39 Several Samaritans from that town believed in Jesus because of what the woman said in evidence about him, “He told me everything I did.” 40 So when the Samaritans came to him, they asked him to stay with them. And he stayed there two days.
41 Many more believed because of what he said.
42 “We believe, too,” they said to the woman, “but it’s no longer because of what you told us. We’ve heard him ourselves! We know that he really is the one! He’s the savior of the world!”
The official’s son
43 After the two days in Samaria, Jesus went off from there to Galilee. 44 Jesus himself gave evidence, after all, that a prophet isn’t honored in his own country. 45 So when he came to Galilee, the Galileans welcomed him. They had seen all the things he had done in Jerusalem at the festival, they having been at the festival themselves.
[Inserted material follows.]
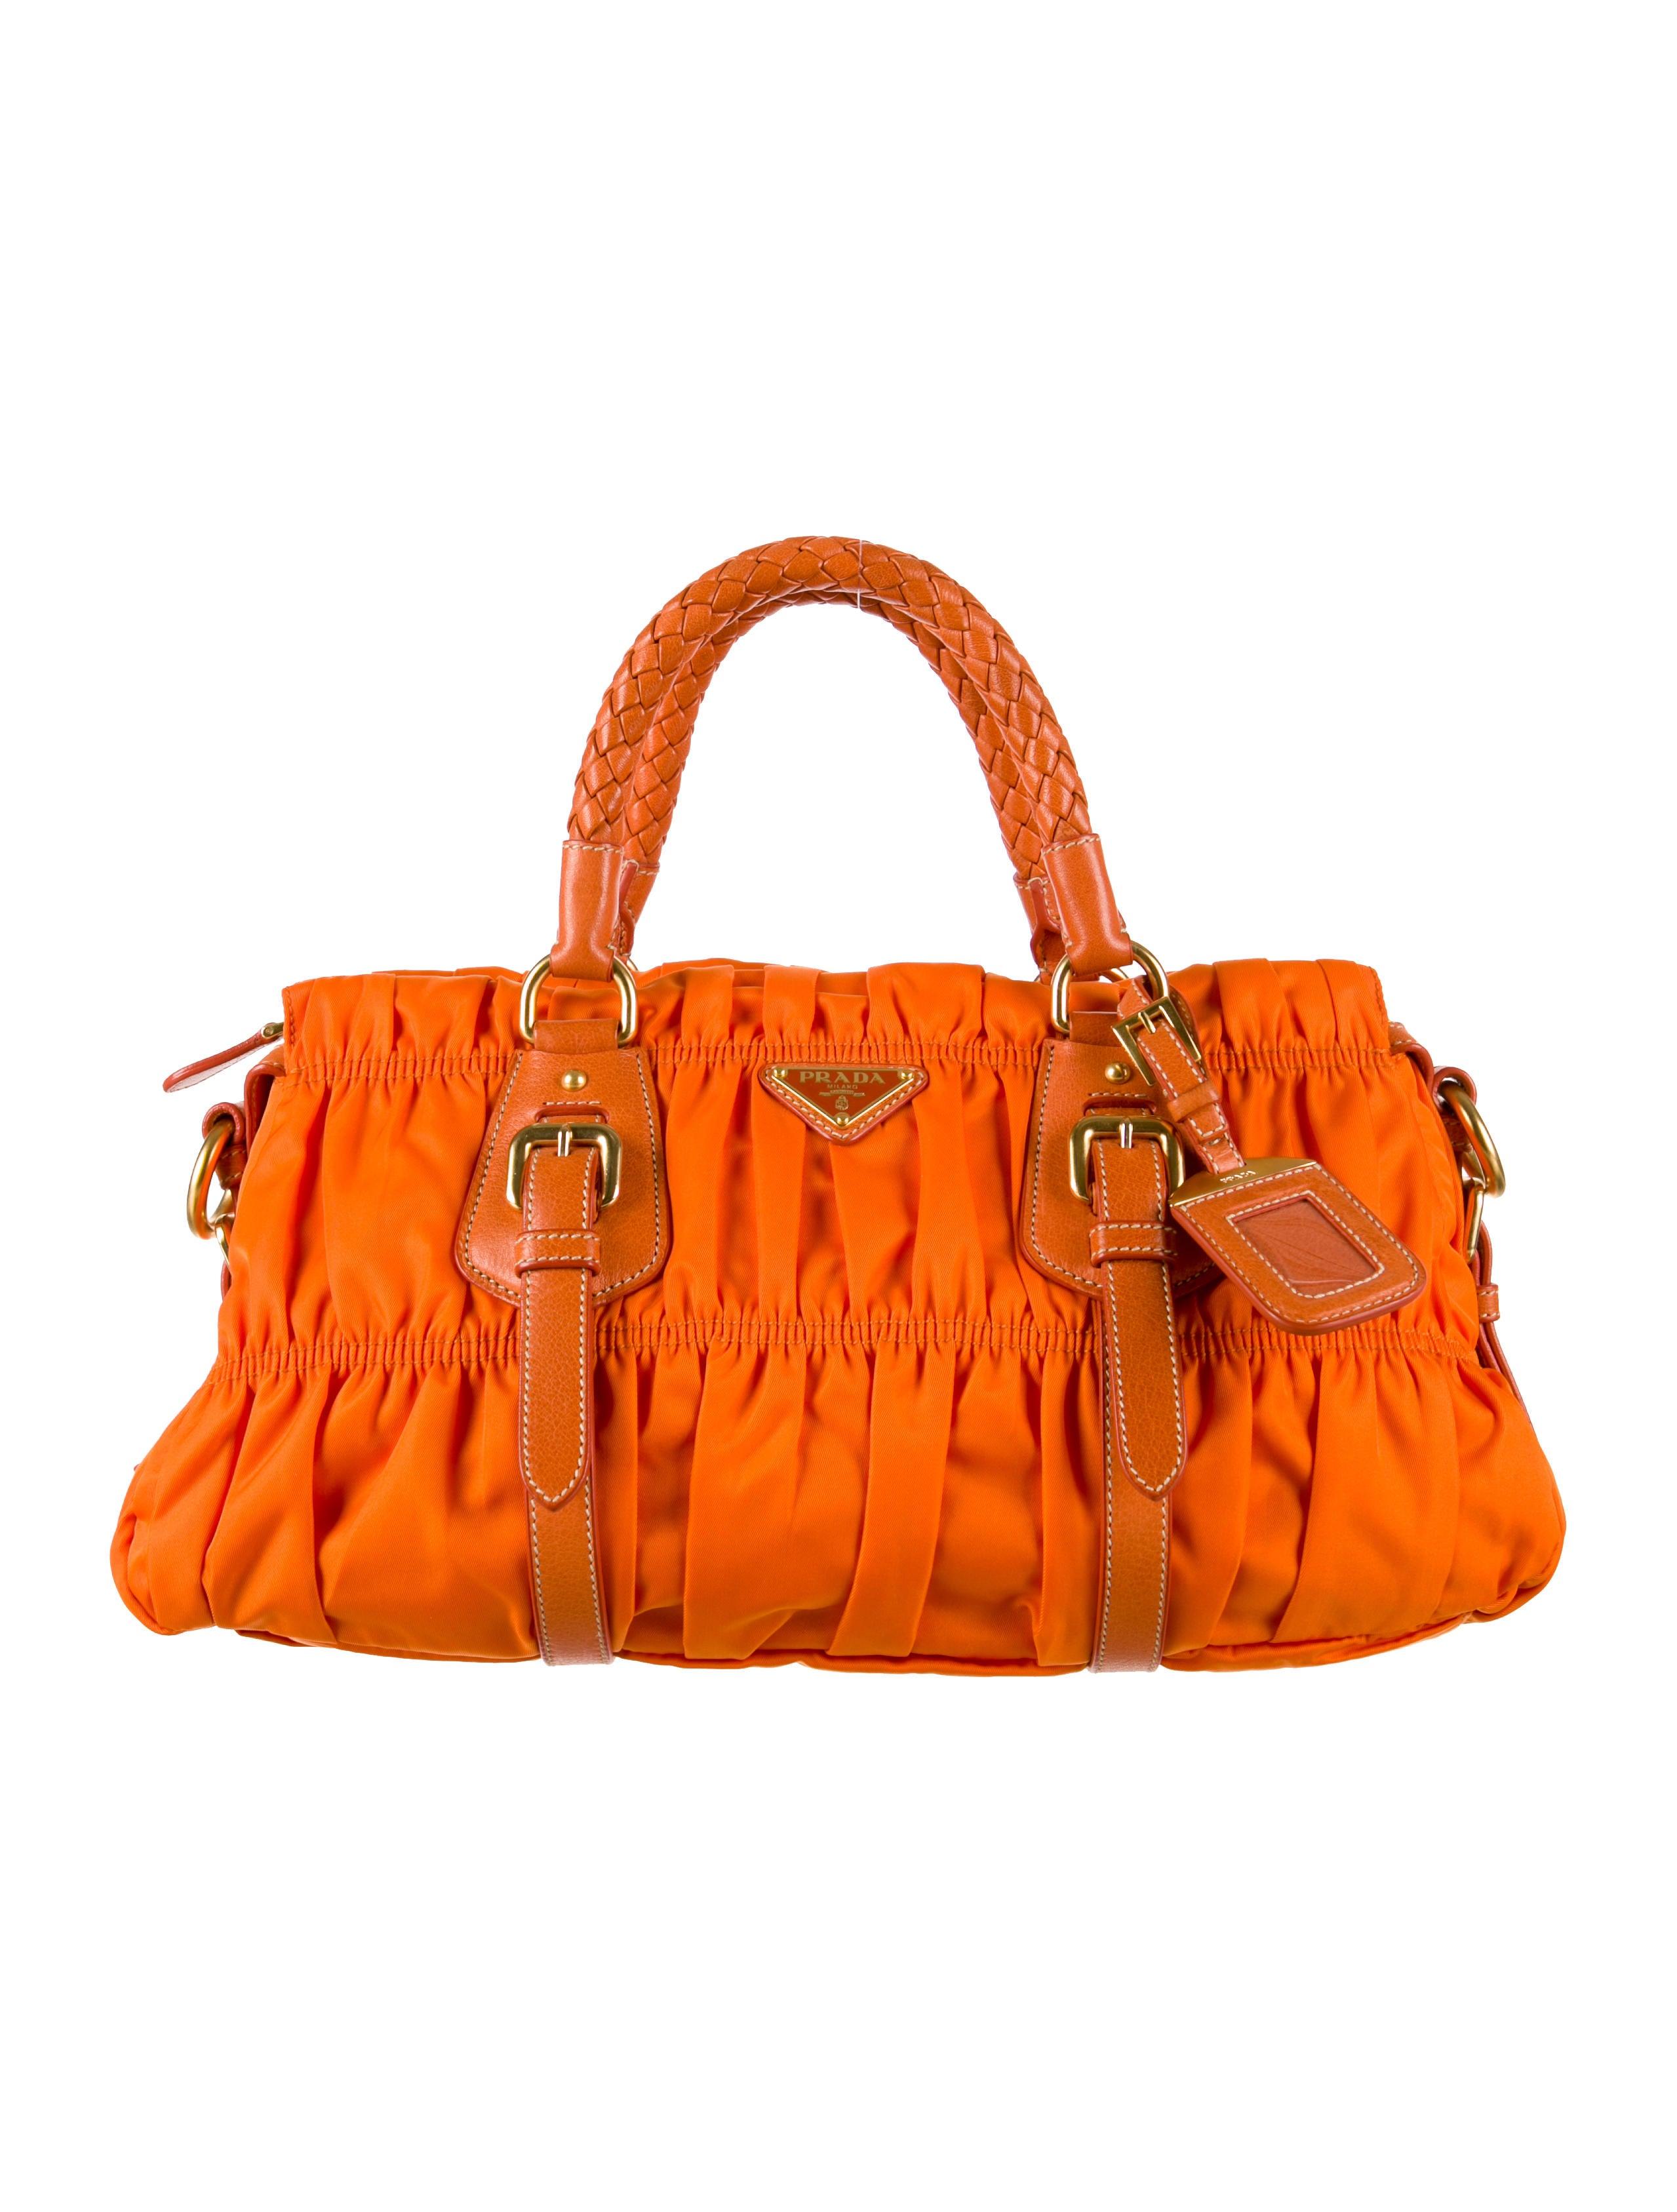 135d9d2e791f Prada Tessuto Gaufre Satchel w/ Tags - Handbags - PRA62161   The ...

46 So he went once more to Cana in Galilee, where he had turned the water into wine.
There was a royal official in Capernaum whose son was ill. 47 He heard that Jesus had come from Judaea into Galilee, and he went to him and asked him to come down and heal his son, since he was at the point of death.
48 “Unless you see signs and miracles,” replied Jesus, “you won’t ever believe.”
49 “Sir,” replied the official, “come down before my child dies!”
50 “Off you go!” said Jesus. “Your son will live!”
The man believed the word which Jesus had spoken to him, and he set off. 51 But while he was still on his way down to Capernaum, his servants met him with the news that his son was alive and well.
52 So he asked them what time he had begun to get better.
“Yesterday afternoon, about one o’clock,” they said. “That’s when the fever left him.”
53 So the father knew that it had happened at the very moment when Jesus had said to him, “Your son will live!” He himself believed, and so did all his household.
54 This was now the second sign Jesus did, when he came out of Judaea into Galilee.